Spatiotemporal characteristics and influencing factors of non-CO2 greenhouse gas emission intensity from China's livestock sector

Sci Total Environ. 2024 Dec 20:958:178191. doi: 10.1016/j.scitotenv.2024.178191. Online ahead of print.

Abstract

The livestock sector is a major source of non-CO2 greenhouse gas (GHG). As China has the world's largest livestock production, analyzing factors influencing GHG emission intensity of livestock (GEIL) is crucial for guiding its emission reduction policies. Yet, most current studies on livestock GHG focus on emission amount (GEAL) over GEIL, neglecting comprehensive utilization of spatial econometric models. Furthermore, the influencing factors mainly focus on population, economic level, urbanization, and industrial structure, while the exploration of factors such as technological innovation, consumers' age structure, and industrial agglomeration remains insufficient.
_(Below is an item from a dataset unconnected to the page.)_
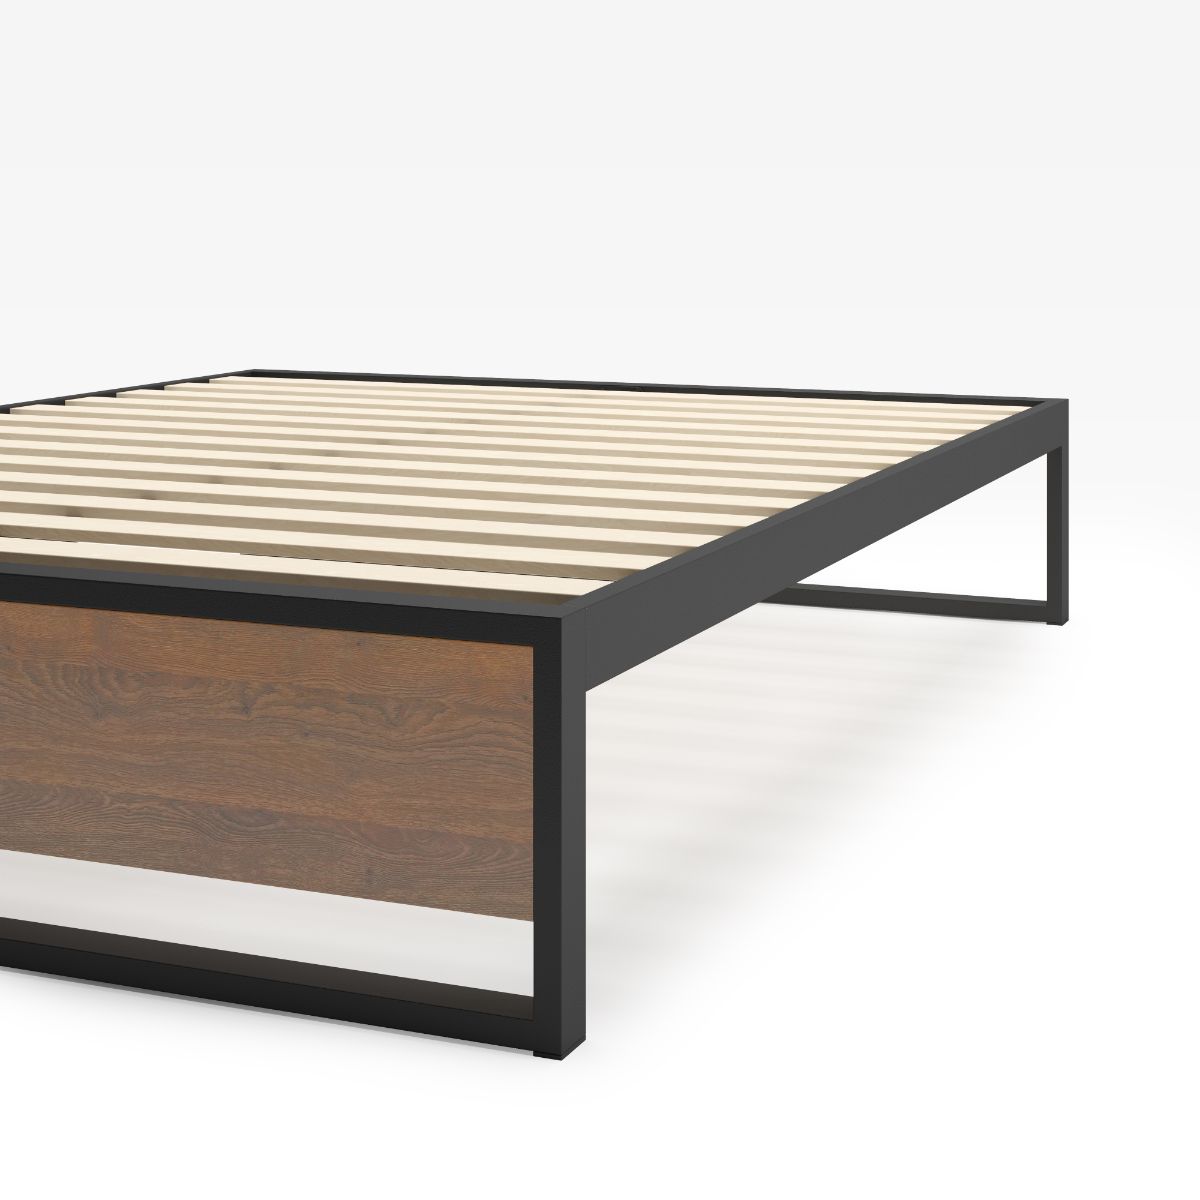 14 inch Suzanne Metal and Wood Platform Bed frame Frame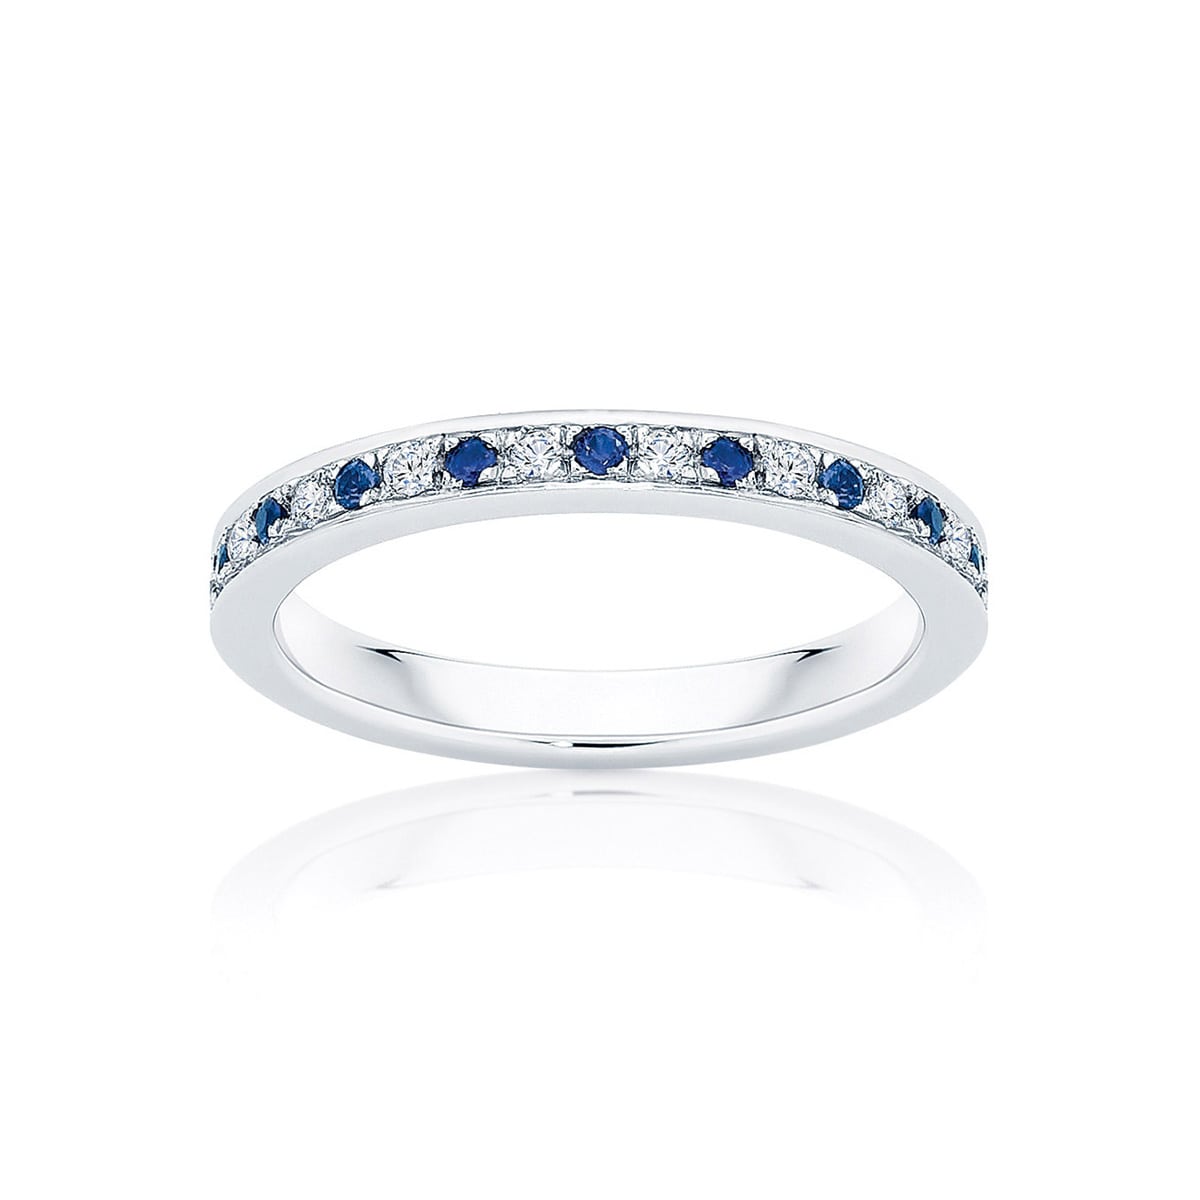 Womens Diamond and Sapphire Wedding Ring in Platinum | Santorini

This study first applied the standard deviation ellipse (SDE) model to describe the spatiotemporal evolution of GEAL and GEIL across 31 Chinese provinces from 2006 to 2022. Then, using extended STIRPAT theory, we analyzed GEIL's influencing factors with exploratory spatial data analysis (ESDA) and the geographically and temporally weighted regression (GTWR) model. The results showed that: (1) GEAL was concentrated in resource-rich grassland pastoral and grain-producing areas. Provincial GEAL trends varied, while national GEAL declined rapidly and then fluctuated slightly. Cattle, pigs, and sheep/goats contributed the most to GEAL. (2) GEIL significantly decreased nationwide and provincially, with Tibet having the highest reduction rate but still leading in GEIL. (3) GEAL followed a northeast-southwest distribution, whereas GEIL exhibited an east (slightly north) to west (slightly south) pattern. (4) Spatial analysis revealed significant GEIL clustering, with higher values in western provinces and lower in central and eastern regions. (5) Population scale, urbanization, age structure, proportion of ruminant animal production value, location quotient of livestock, employment income per capita of agricultural personnel, patent-granted intensity, and educational level in rural areas had diverse spatiotemporal impacts on GEIL across provinces. Tailored emission reduction policies and regional collaborative governance are recommended.

Keywords: Emission intensity; GTWR model; Greenhouse gas; Influencing factor; Livestock sector.